よくある民話だが、祖父は、その竜の子がさっきの少年なのだという。地域に伝わりまことしやかに噂されているところでは、竜の子は井戸から出られないのだが、腹を減らしているのが寂しいのか、夏になると付近の川に写し身を遣わして子供を井戸に誘うのだと言われているのだとか。そのため夏祭りには、藁人形を井戸に放り込み竜の子を慰めるのだという。出られないのに姿を現すとはへんな話だがお化けとはそんなものなのかもしれない。
「人柱って意味わがっか?」
「なんとなく。みんなのため沈められたりするやつ」
祖父の突然の問いに、本やテレビドラマで見た知識からのイメージを答えた。
「んだ。さっきの話、竜の子なんてもんは本当はおらんのよ」
「え、さっきはいるって」
「竜は後付け、実際は人柱の子供だったんじゃろうな。ここいら昔から日照りで水がなくて困ったかと思えば、雨が降ったら降ったで増水じゃ洪水じゃと大騒ぎじゃ。だから、水神に人柱を捧げる歴史があったんじゃ」
「雨をちょうどよく降らしてほしいってお祈りするってこと?」
「んだな。じゃがそれも口実よ。ほんとうはなあ、もどすのが目的じゃったんだろうなあ。むごいもんよ。その祟りを恐れて祀っとるのを、竜の子を祀るという話に置き換えたんじゃろうとわしは考えとるんじゃ」
「もどすって?」
「ああ、わからんでいいんじゃ。わしの趣味に付き合わせて悪かっだな。忘れっべ。じゃが、わしが死んだらこの井戸をどう管理するか、お前の親父らで決めねばなんね。あやつらは運よく井戸に呼ばれることもなかったからな、わしの話なんぞ歯牙にもかけんじゃろし、もう土地に縛られる時代でもねえ。そんときは、おめはわしの話をちょっとだけ思い出してくれりゃあいい」
祖父は、代々の先祖が井戸をずっと守ってきたのだという。今思うと、僕にもその一端を伝えたかったのかもしれない。

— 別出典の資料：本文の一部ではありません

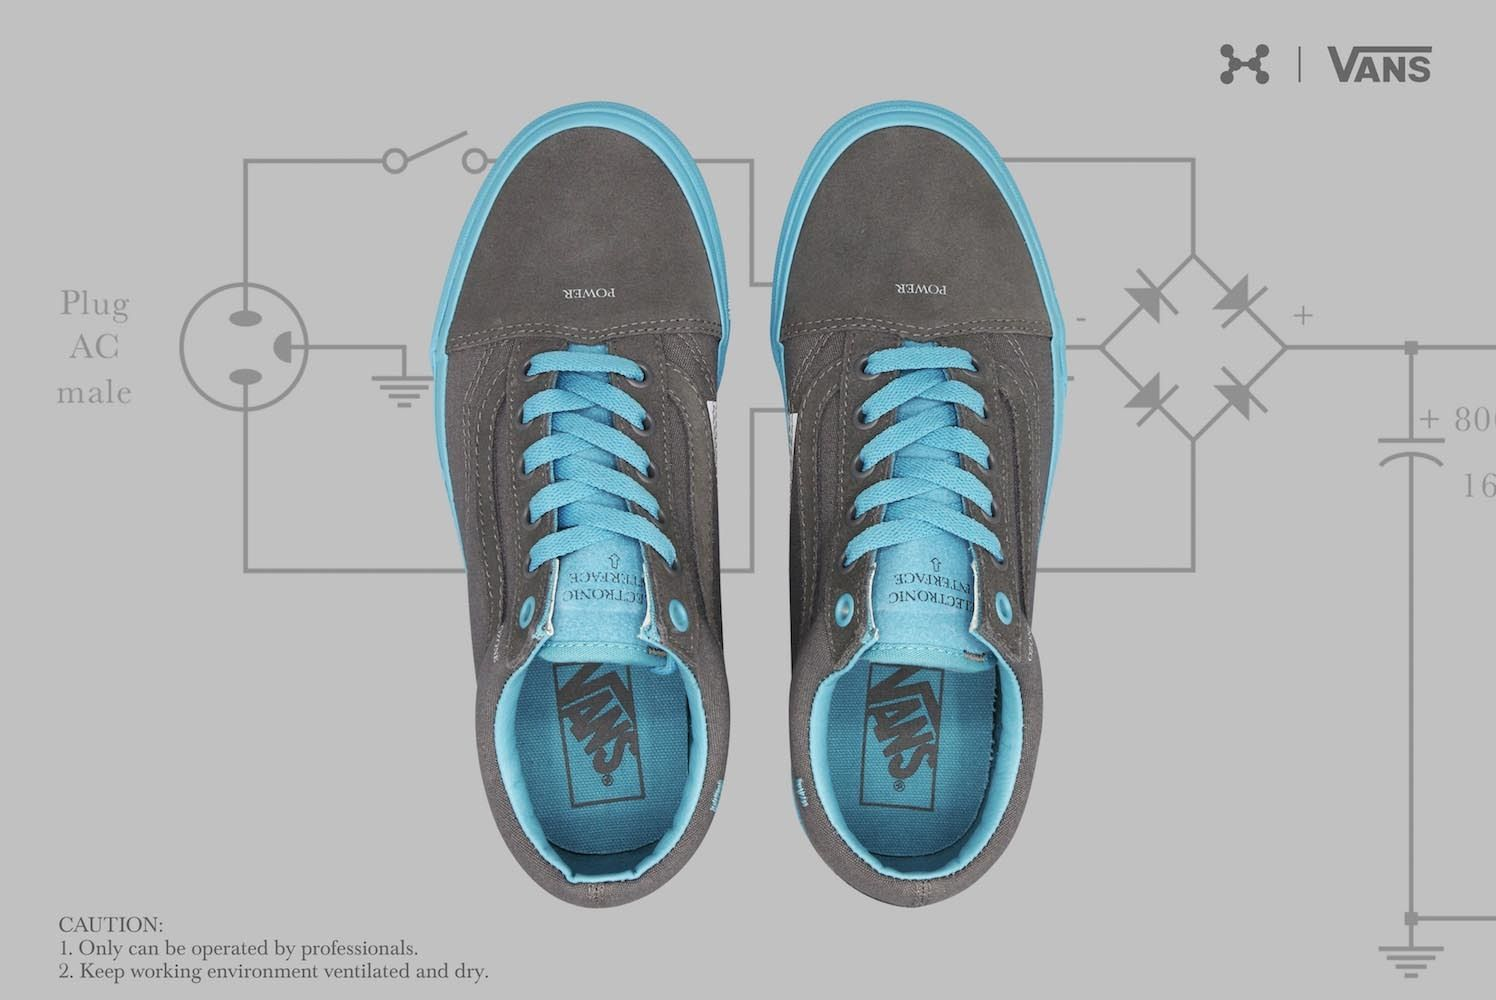 C2H4 Vans Ss18 Collab 07 Sneaker Freaker

「井戸を埋めたり建物で囲ったりするとな、必ず事故が起こる。増水して堤防が壊れたり、悪いことが起こるんじゃなあ。だからずうっとこのままなんじゃ。井戸を祀ってるうちは大人しくしとるが、ぞんざいに扱ったら暴れ出す。そういう怖い神様だと思っておけばいい」
にっと笑う祖父だが、一転、厳しい表情で、僕の目を見て言う。
「おめは目えつけられたから、もうあの井戸には近づいちゃなんねえ。来年からはうちにも来ね方がいい。寂しいが命にゃあ変えらんねえべ」
その年を境に僕は、夏も正月も祖父の家に遊びに行くことはなくなった。祖父はたまに、僕の家に遊びに来てくれたけれど、本当は僕の方から行きたかった。ケンちゃんや他のみんなにも会いたかったし、川遊びもしたかった。でも、祖父は許さなかった。
中学くらいまでは未練があったけど、高校生にもなると流石にこの体験のことは思い出さなくなってきたし、祖父の家に行きたいと両親に駄々をこねることもなくなっていた。
だから楽しい夏の思い出も、不思議で怖いあの体験も、すごく鮮やかで印象的ではあったはずなのに、記憶のずっと奥の方にしまったままになっていて、ずっと引っかかってはいるものの、いつしか思い出すことも少なくなっていたのだ。